Summer's coming to an end and I can't help but look back at the last two years. What exactly have I accomplished? I've become more outgoing and made some acquaintances like Darvarsh and this guy name Imir. I'm also more social around people and gotten along well my summer roommates. It seems like I'm making good progress but I still feel like I have an empty hole in my body. I feel so alone. Is this what life is going to be like for me for the rest of my life? Constantly moving from one place to another, never achieving or establishing any deep, meaningful relationships despite my constant attempts to do so? Am I going to spend every Friday night and the weekends by myself surfing the internet? God, I'm so lonely.
I've been thinking about Julie lately, over and over again. I keep on wondering whether that was her that day, near OVT when some girl yelled, "hey, do you want to get some ice cream?!" Maybe it was her and I screwed up or maybe its just wishful thinking, either way, I should have investigated further. Maybe I should message her over Facebook, I doubt she'll respond. The situation with Julia has simply fizzled out. Every now and then, I notice that she would look to see if it was me if I was right at the corner of her eye. I should investigate further, but I doubt anything is going come out of it. I've been planning to type up the notes for MGT 132 and sending it to her over Facebook, it's the least I can do I guess.

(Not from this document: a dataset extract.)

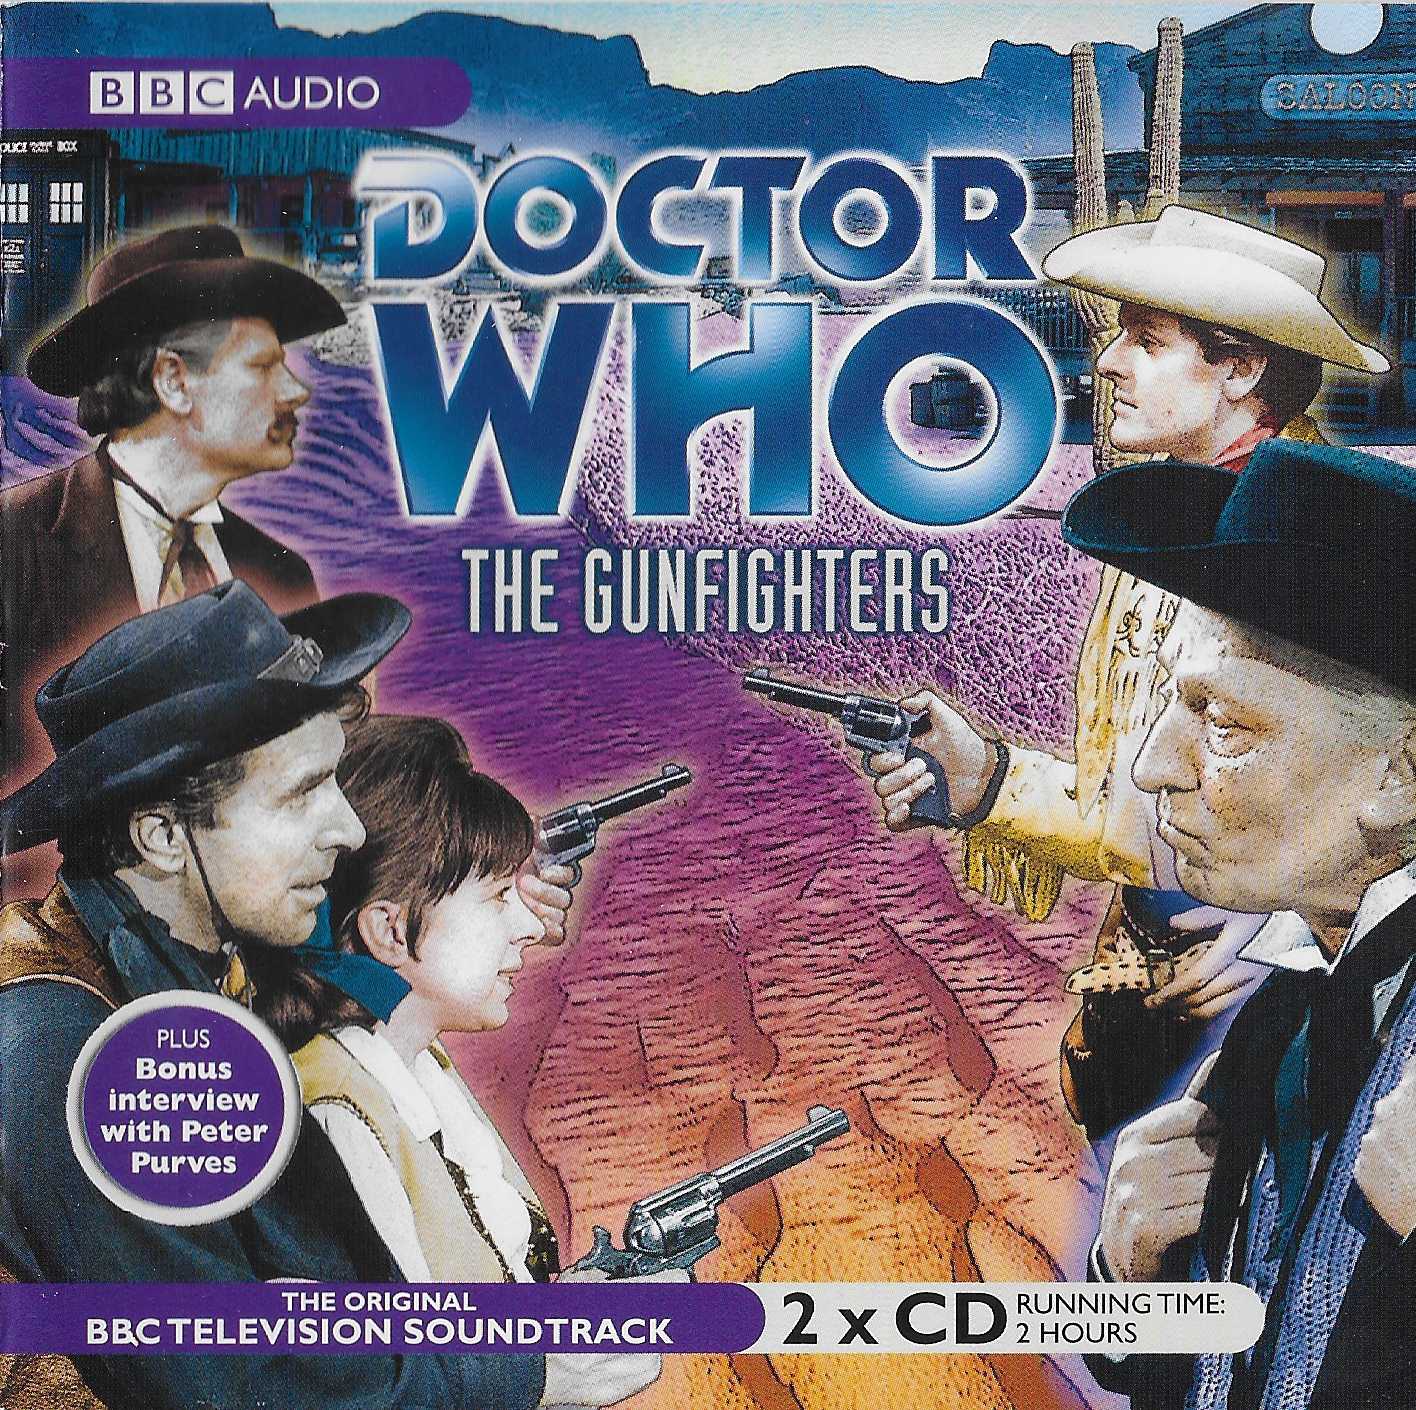 Picture of ISBN 978-1-4056-7691-5 Doctor Who - The gunfighters by artist Donald Cottom from the BBC records and Tapes library

One other high note during this summer is meeting Professor Tang in my econ class. Dear God, she's both brilliant and beautiful. She makes going to class worth it but she makes it super hard to concentrate. Heh, I always had a thing for intelligent and older women. Strangely enough, I think she's attracted to me too. During my first day, I noticed that she took noticed of me when I walked in. She stared a couple of seconds, broke contact and stared again a couple of seconds later. A week ago, she was talking about a topic and when she at looked me, she froze up and stared at me with her mouth open for four whole seconds. She then shook it off and turned back to the class to continue the lecture. I was wearing a tight fitting polo shirt that day. Was she attracted to me? There was another time when she looked up from her notes, made eye contact with me, and immediately looked back down. That's the type of thing that shy girls tend to do. I must be imagining things, though it wouldn't be first time an older women was attracted to me. Man, I would be lucky to be with a woman who is like Professor Tang. If such a day ever comes.
Note to self: Remember to maintain good posture while sitting and standing. Remember to raise eyebrows when smiling.